Волчок — страница 50 из 54

На Маросейке, то есть на самой улице, между омутами витрин, мы столкнулись с Лидой Гапоевой. Лида была без куртки, но в теплой спортивной кофте, в плотных джинсах и вязаной шапочке: по-весеннему, но с подстраховкой. То ли от жары, то ли по иным причинам щеки ее горели румянцем. Вышколенная сотнями бизнес-тренингов, Лида всегда приветлива и слегка безлична, причем то и другое служит ее образу деловой женщины и управленца. Кстати, Лида, ни единого дня не числясь сотрудником Эмпатико, держится распорядительно, точно настоящий директор.

Лида неделю как вернулась из Италии. Спросил, как ей нравится Варварина отделка номеров. Что-то в Лидином лице изменилось. Она по-прежнему улыбалась, но теперь в улыбке твердело упорство. Я помнил, что Лида недолюбливает Варю, подозревает в попытках соблазнить Вадима Марковича. Но во всем, что касалось работы, она обычно проявляла осторожность и выдержку.

– Решать Вадиму, конечно, – сказала она отчетливее, чем обычно, – а я бы следа не оставила от всех этих трафаретов и вывертов.

– То есть вам совсем не нравится? А мне так чрезвычайно. Но вы говорили с самой Варварой?

Задавая этот вопрос, я интересовался вовсе не Лидиным мнением, но полусознательно стремился навести ее на долгий разговор о Варваре. Не важно какой. Одобрение, порицание, возмущение, воспоминания о Вариных странностях – я был бы рад всему, потому что любой разговор приближал к ней. Лидин ответ меня поразил. Возмущенно пожав плечами, она сказала:

– Во-первых, ни малейшего желания говорить с Варварой у меня нет. А даже если и было бы, она все равно уехала.

– Как уехала? Когда?

– Три недели назад. А вы что, не знали?

Нежный прохладный яд потек по венам, я успел удивиться, что умирать может быть совсем не больно. На несколько минут все органы чувств не то чтобы отключились, а словно бы исчезли. Во мне не осталось ничего, ни ощущений, ни мыслей, ни даже боли, только одно отсутствие, бесцветное, мертвое зияние – без мира, без ада, без меня.

10

Не знаю, сколько времени прошло, только вдруг я услышал, как пахнет асфальт, по которому стекает темная вода. В ее движении и запахе была плотная, обдуманная и короткая юность. Только теперь я понял, что остался в живых.

Лиды рядом не было, должно быть, я успел с ней распрощаться. Мимо шли две женщины в цветастых, поблескивающих золотом платках и говорили на непонятном наречии, время от времени вставляя неожиданно и как-то предательски понятные слова:

– Кыргыкули мопшавладык архмузнако пиджачок.

Мимикрия семнадцатая. Трилистники кислицы

1

Московский телефон глух и нем.

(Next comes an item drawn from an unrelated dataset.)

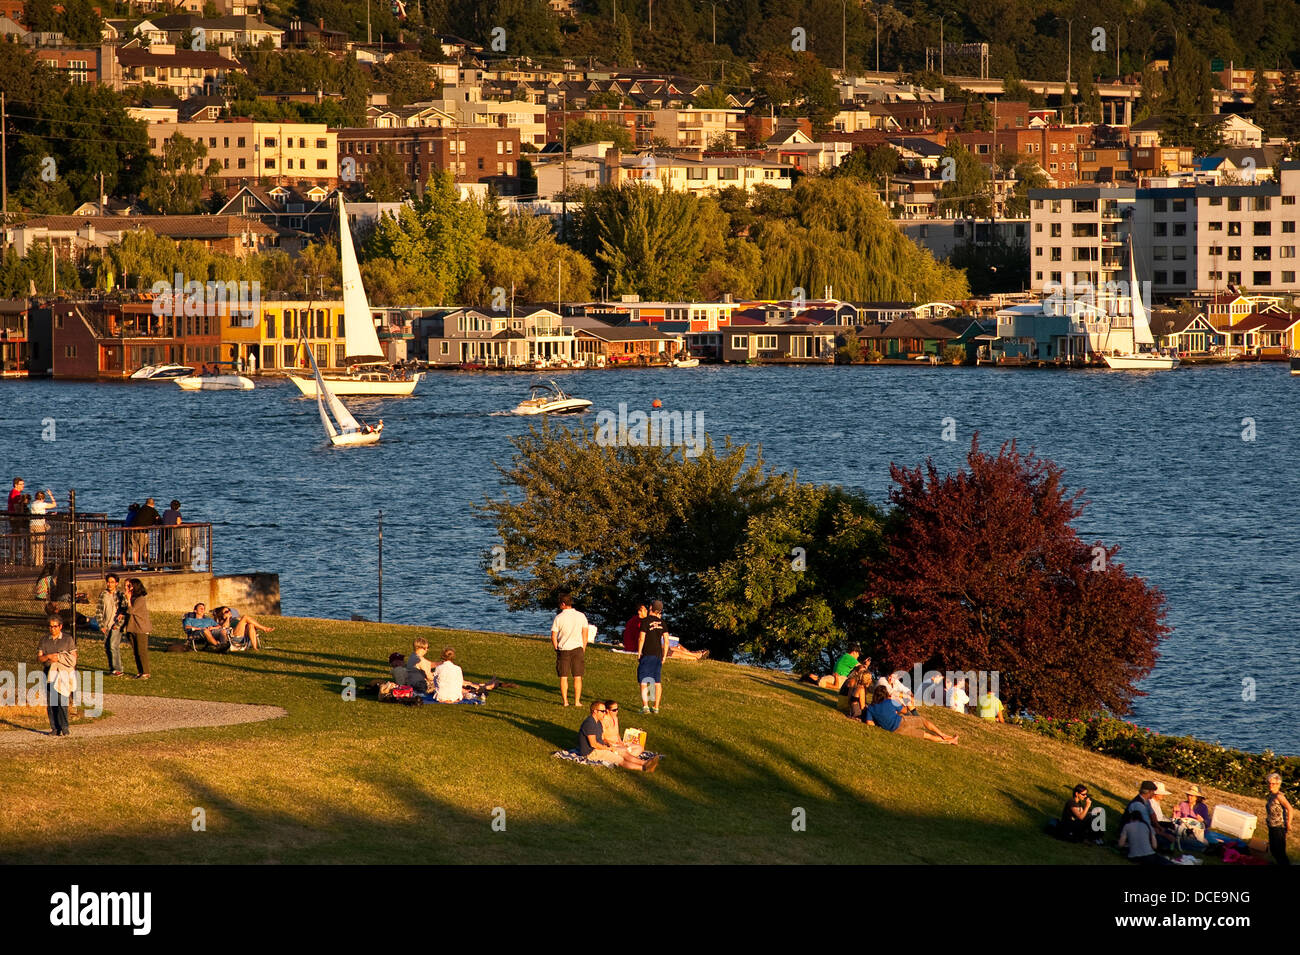 Immagine retrò di picnic al gas Works Park con famiglie e amici che guardano una gara in barca a vela sul lago Union Seattle Washington state Foto Stock
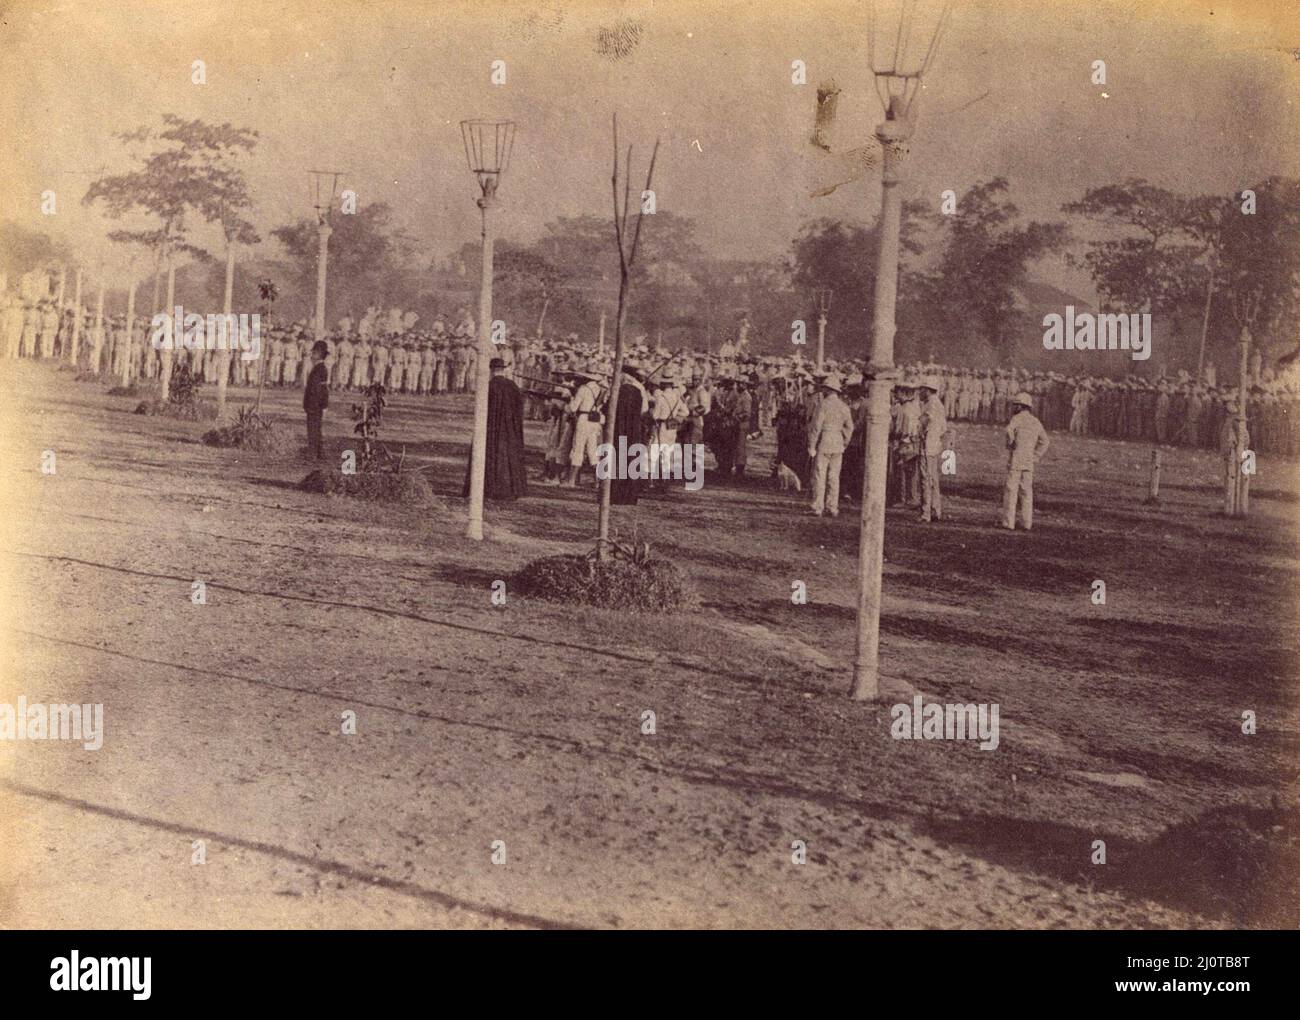 L'esecuzione di Jose Rizal. José Rizal, José Protasio Rizal Mercado y Alonso Realonda (1861 – 1896) nazionalista filippino, scrittore e polimato durante la fine del periodo coloniale spagnolo delle Filippine. È considerato l'eroe nazionale (pambansang bayani) delle Filippine. Foto Stock

Неоновый голос с космической станции говорил по-английски, что номер в сети не зарегистрирован. Как не зарегистрирован, тетенька из космоса? Я же сам покупал этот телефон для Варвары!

Ежась от унижения, звонил Ольге. С необыкновенным радушием Ольга приглашала в гости, расспрашивала о моих делах. Что с Варварой? Она «дико устала» и «плохо соображает», но вообще довольна, надеется на новые заказы. В восторге от Италии, что и говорить. Почему трубку не берет? Она потеряла телефон, оставила в самолете, кажется. «На Варю не напасешься, вечно все роняет, теряет, топит, жжет». Сейчас ее нет дома. Улетела на Майорку.

– Как улетела? Когда?

– Сегодня утром Сережа отвез ее в аэропорт.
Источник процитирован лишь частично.